Вот почему длинный рассказ Наташи во время многочасового перелета тем октябрьским днем стал для меня Рубиконом. Я слушал восторженный голос своей соседки и представлял того, кто может вернуть меня к нормальной жизни. Под гул турбин за бортом я прошел с еще неизвестным мне хилером долгую дорогу от пацана в одной из миллионов многодетных семей до целителя.

Путь целителя начинается с того, что по всем островам архипелага монахи ищут по известным только им критериям необычных детей и берут их на воспитание. Высоко в горах есть монастырь, где их обучают до совершеннолетия. Причем отсев достаточно большой: далеко не все выдерживают суровые условия или оправдывают надежды учителей. Таких возвращают к обычной жизни. Оставшиеся должны пройти суровый экзамен – 30-дневную «сухую» голодовку. Только тогда в человеке происходят какие-то изменения, и он становится хилером. Без пищи и воды послушник должен провести 30 дней в пещере за молитвами. В любой момент он может уйти или попросить помощи, но лишь выдержавший испытание затем проходит посвящение в хилеры. У него открывается способность видеть человека насквозь, со всеми недугами. Находясь только в одном из четырех уникальных мест, он способен концентрировать таинственную энергию для излечения болезней.

Мне, получившему атеистическое воспитание и проработавшему 15 лет научным сотрудником в международном центре ядерных исследований, это казалось чем-то запредельным. Однако сильное желание вернуться к нормальной жизни преодолевало все сомнения. И вот десять страждущих из далекой России входят во двор двухэтажного дома небольшого поселка, расположенного в том самом месте Филиппин. Настороженно озираясь по сторонам, рассаживаемся в плетеные кресла, стоящие в тени деревьев. Утреннее солнце по местным понятиям еще не припекает, но я жадно припадаю к стакану прохладного сока, поднесенного коренастой островитянкой. Через переводчика нам объясняют, что доктор Руди нас ждет и скоро примет. Хотя на островах государственным языком считается пилипино (так на Филиппинах называют тагальский), многие бегло говорят на английском. Я уже успел заметить, что к человеку с белой кожей отношение у местных очень уважительное, и они прощают все мои ошибки в английском и охотно отвечают на вопросы.

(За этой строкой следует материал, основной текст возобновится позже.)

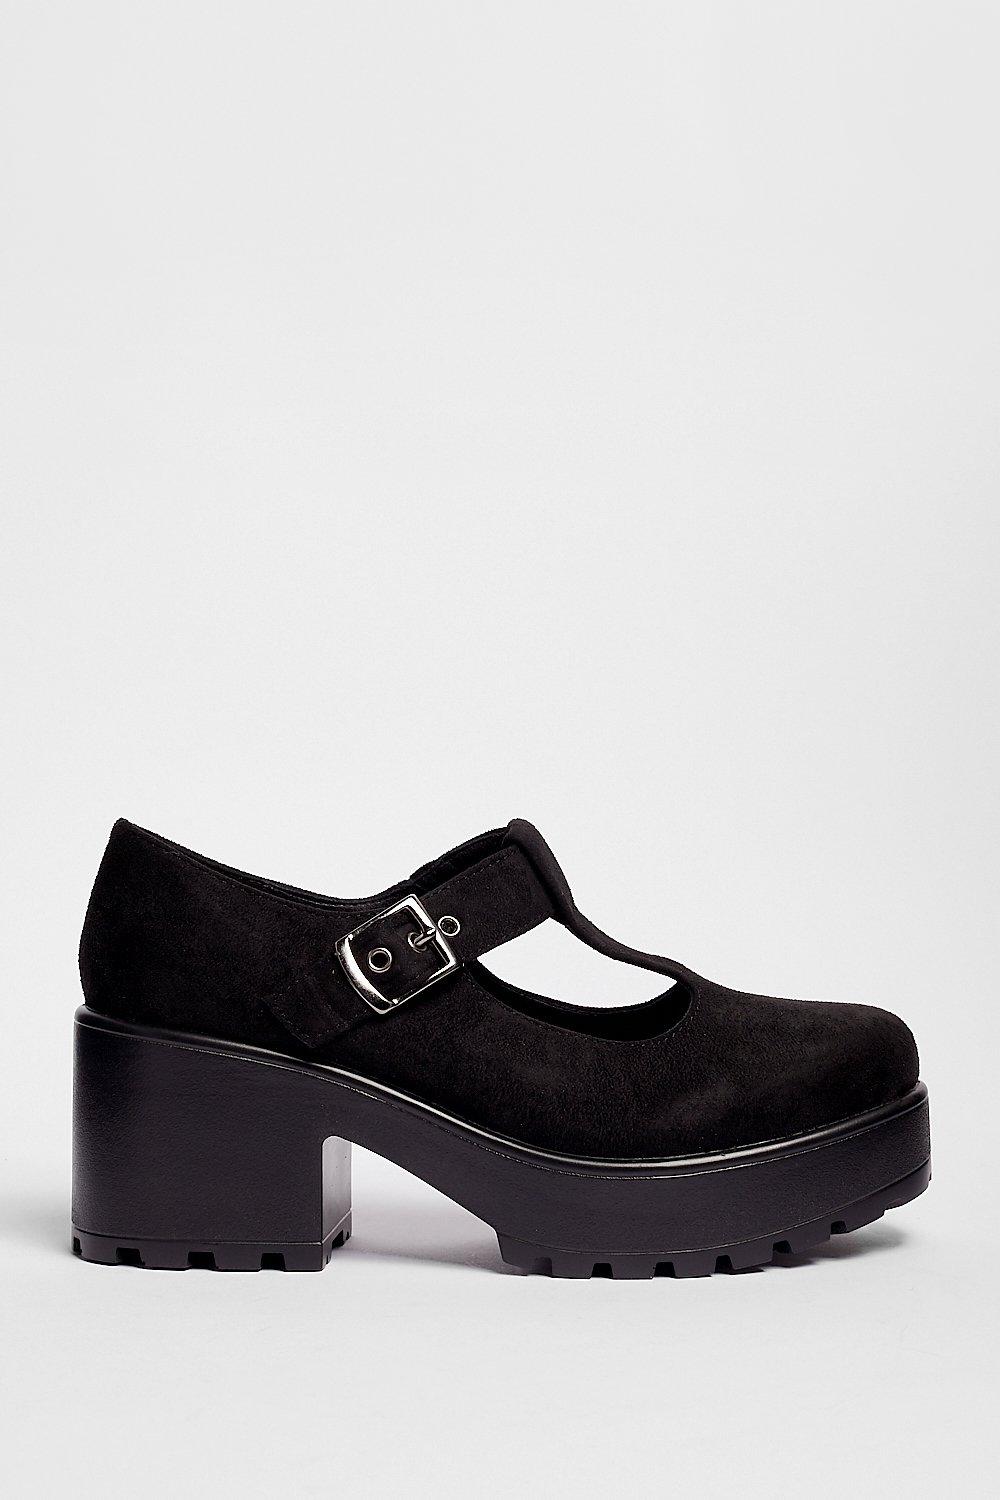 black t bar platform shoes

Осмотревшись, отмечаю, что дом хилера в деревушке один имеет два этажа. Остальные представляют собой какие-то хлипкие постройки с соломенной крышей, в окнах нет стекол, а из мебели в комнатках видны скатанные циновки в уголке и непременно телевизор на маленьком столике. Заметив мое любопытство, островитянка показывает на большой черный плакат у входа в дом хилера, где, как на школьной доске, мелом начертано расписание, и объясняет, что всю эту неделю Руди будет работать с нами. Список длинный. Наверное, в качестве рекламы рядом с фамилиями пациентов указаны страны. За Россией вижу США, Англию, Японию.

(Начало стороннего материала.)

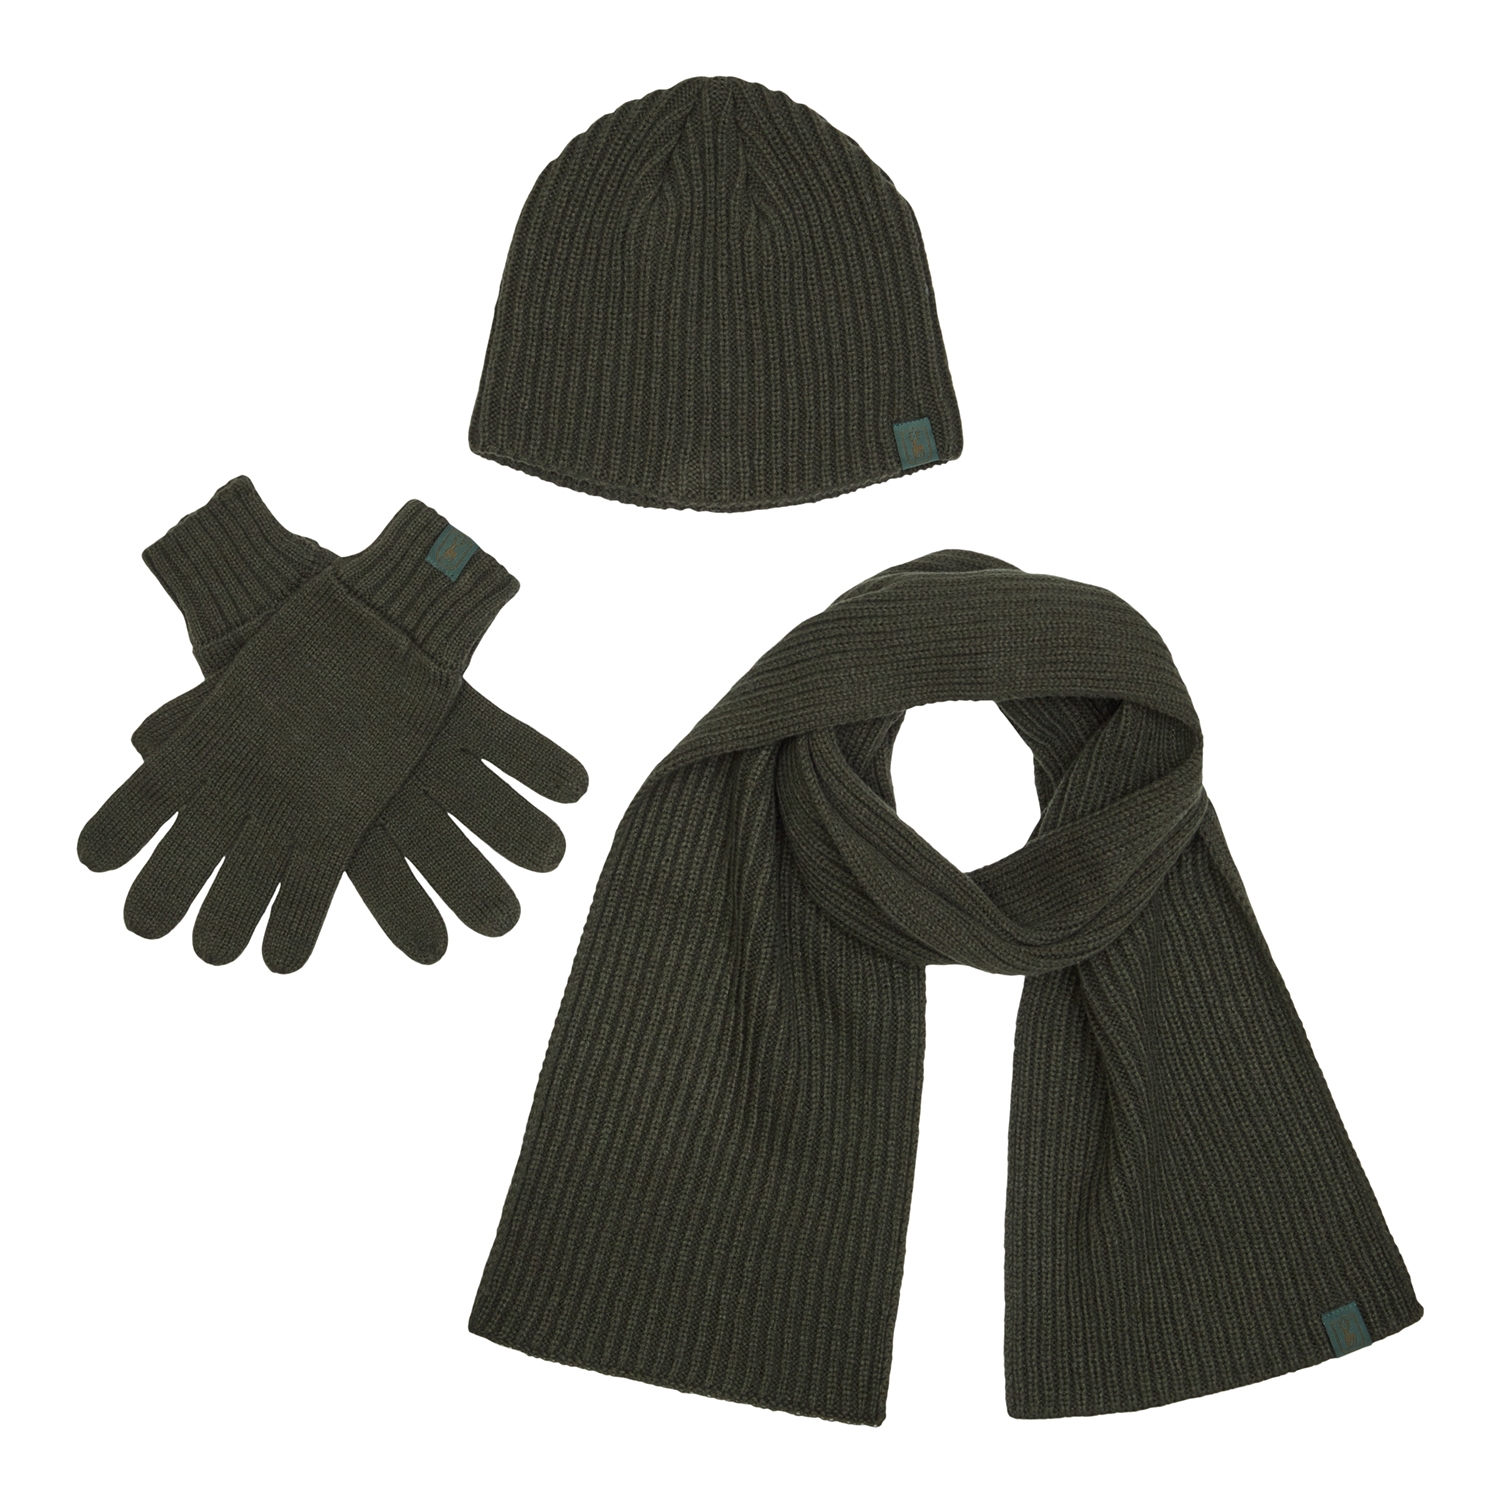 Zestaw: czapka, szalik, rękawiczki – 3-pcs. Winter set 9021 Green

А вот и сам доктор Руди – энергичный, среднего роста, в цветастой рубашке с короткими рукавами. Он здоровается со всеми за руку, улыбается белозубой открытой улыбкой. Отмечаю сильную ладонь с короткими пальцами. Лицо умное, приятное, движения быстрые и точные. Выглядит лет на 30—35, хотя очки придают лицу солидность. Я уже заметил, что филиппинцы не носят очки вообще, даже солнцезащитные. Из разговора выясняется, что Руди уже 52 года, и в доме живет его семья – жена, пятеро детей, двое старших сыновей женаты, и уже есть внуки. Все помогают хилеру и работают по дому. Нас приглашают пройти в кабинет и, отодвинув белые простыни, отгораживающие часть двора, пропускают вперед. Я смотрю на соотечественников, приехавших сюда по разным причинам и из самых разных мест, но движимых единым желанием. Все как-то разом притихли и насторожились. Возможно, у многих этот шаг связан с последней надеждой.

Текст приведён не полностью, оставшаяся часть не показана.